I have a DataFrame with multiple columns, e.g.
root
|-- playerName
|-- country
|-- bowlingAvg
|-- bowlingSR
|-- wickets
|-- battingAvg
|-- battingSR
|-- runs
I also have a list of the column names which corresponds to bowling stats:
List bowlingParams = new ArrayList(Arrays.asList("bowlingAvg", "bowlingSR", "wickets"));
Expected Schema:
root
|-- playerName
|-- country
|-- bowlingAvg
|-- bowlingSR
|-- wickets
|-- battingAvg
|-- battingSR
|-- runs
|-- bowlingStats
|-- bowlingAvg
|-- bowlingSR
|-- wickets
I can do it like this
playerDF = playerDF.withColumn("bowlingStats", functions.struct("bowlingAvg", "bowlingSR", "wickets"))
However, I want to use the list to dynamically select the column for struct.
I know we can do it like this in Scala
playerDF = playerDF.select(struct(bowlingParams.map(col): _*))
and, I have also found a reference on how to do this in Python
Is there a way we can do this in Java with Spark?

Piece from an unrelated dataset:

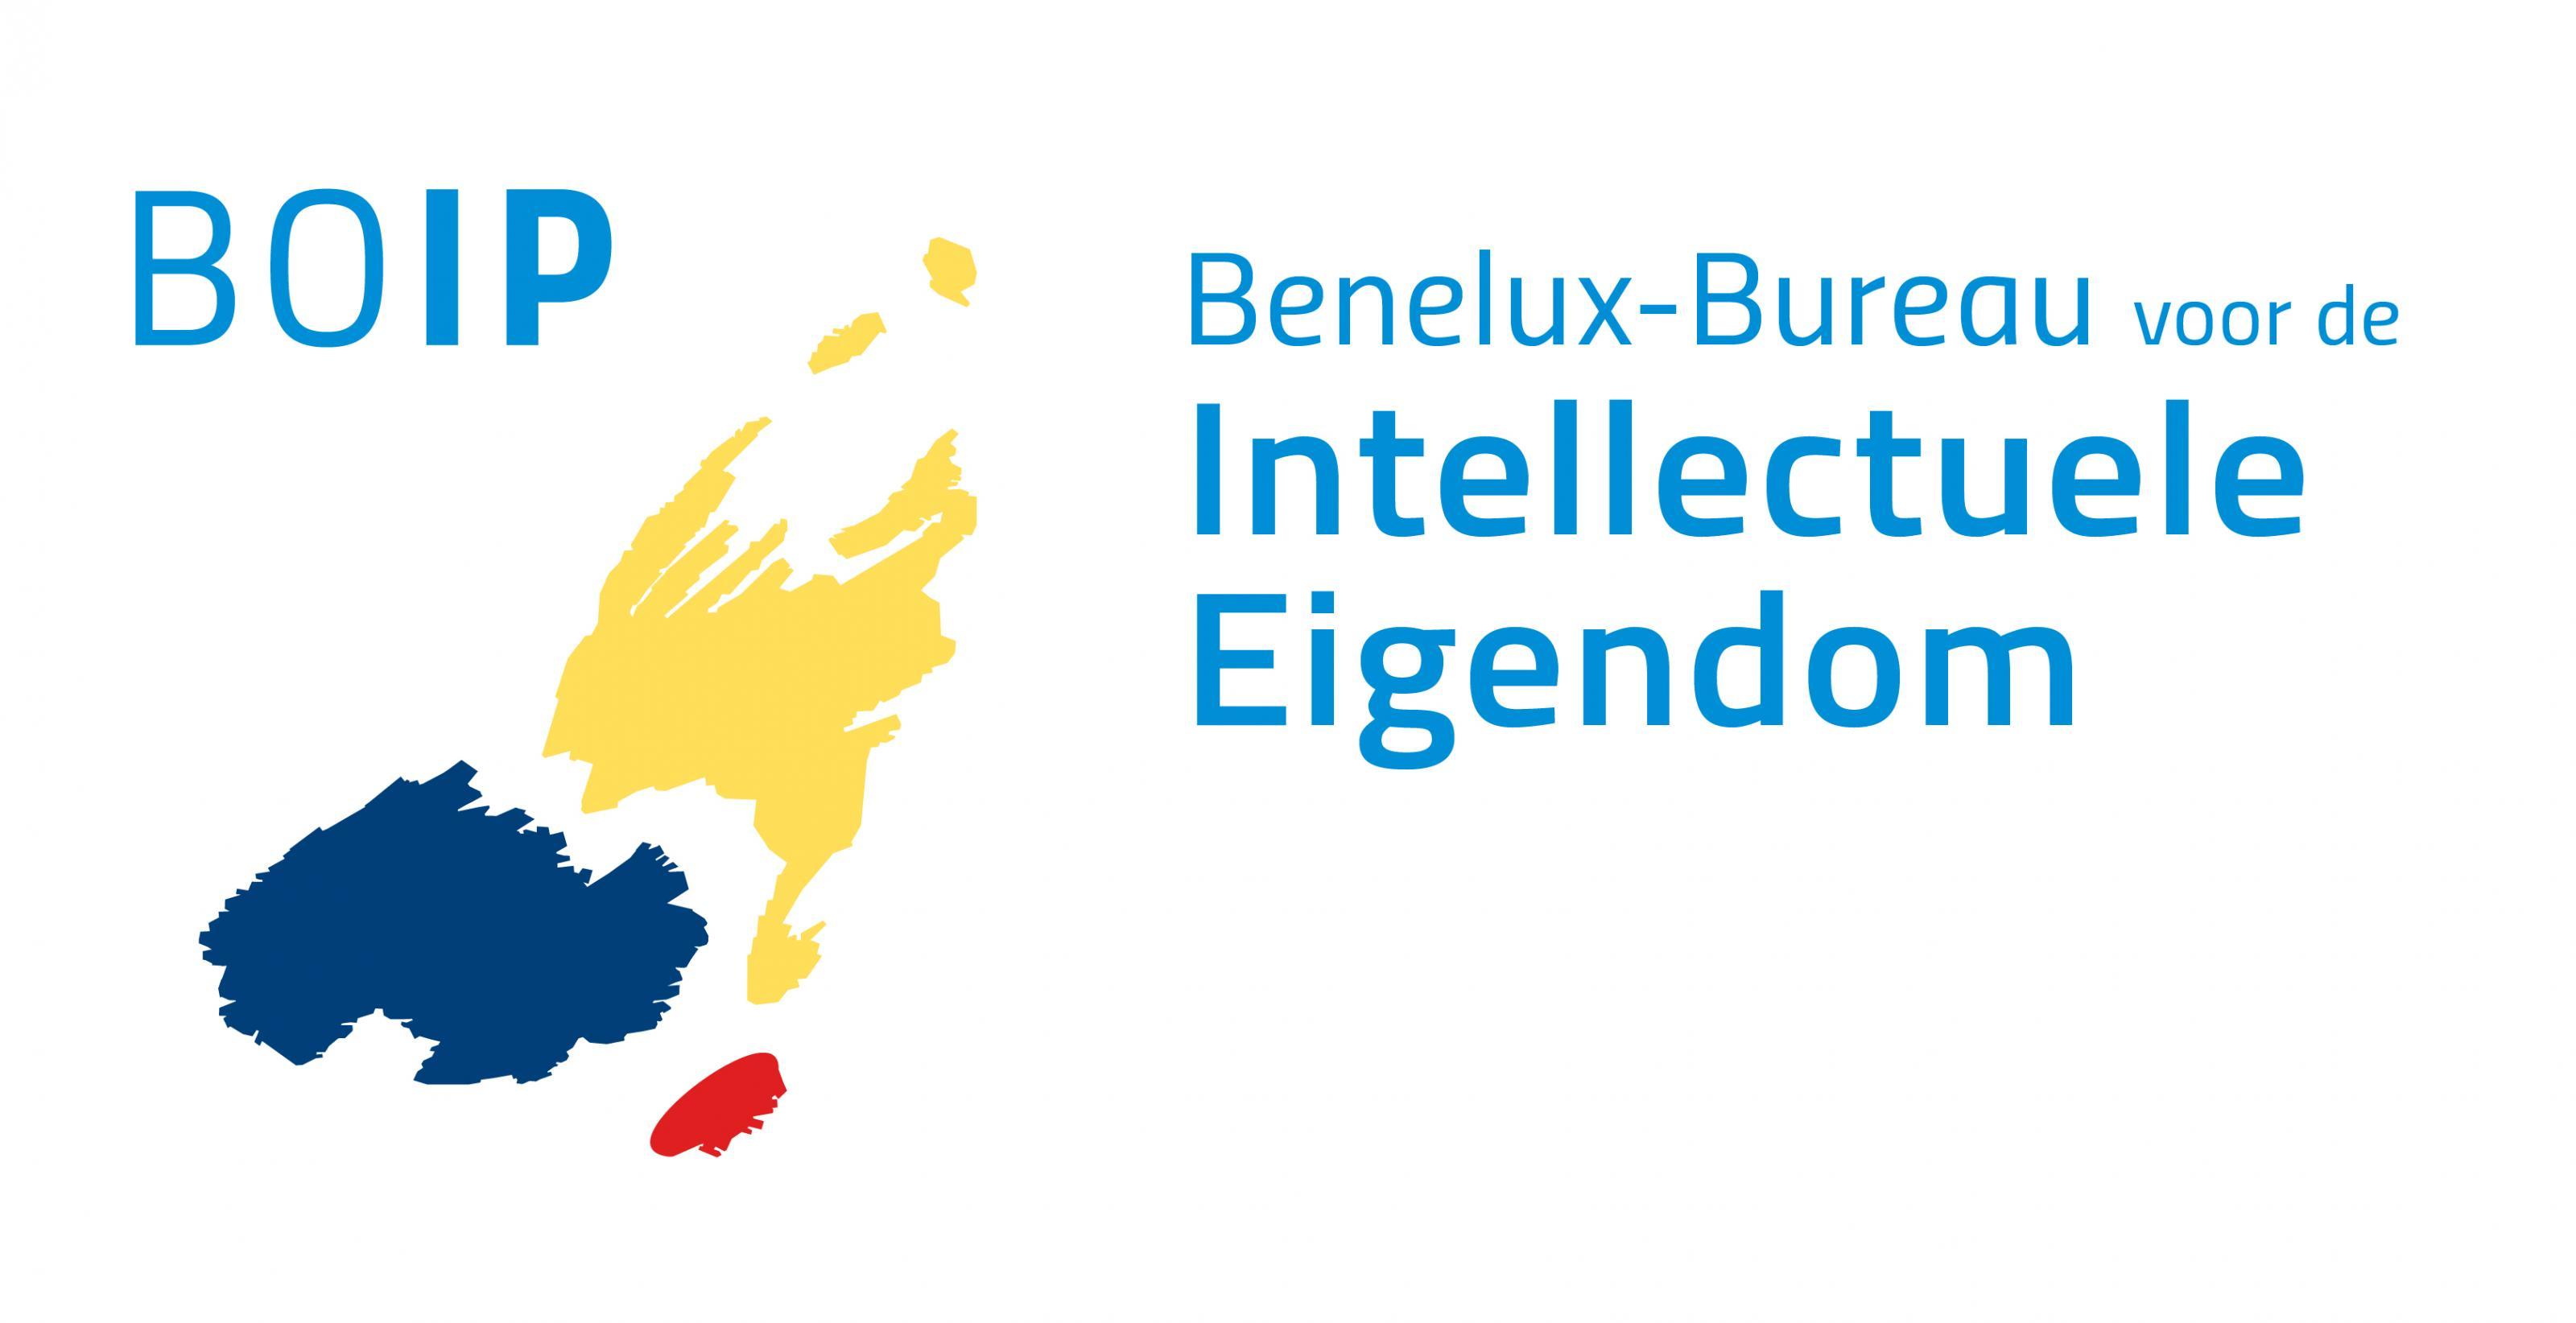 cc791e24678 Het Benelux-Bureau voor de Intellectuele Eigendom (BOIP) is de officiële  instantie voor de registratie van merken en modellen in de Benelux.

CodePudding user response:
For java this solution worked for me,
remove the one attribute from list(non dynamic one)
convert the remaining list to Scala Sequence using JavaConverters.
when creating nested column , in struct use one attribute(as string) and your converted Scala Seq.
import scala.collection.JavaConverters; List bowlingParams = new ArrayList(Arrays.asList("bowlingSR", "wickets")); playerDF = playerDF.withColumn("bowlingStats", functions.struct("bowlingAvg",JavaConverters.asScalaIteratorConverter(bowlingParams.iterator()).asScala().toSeq()));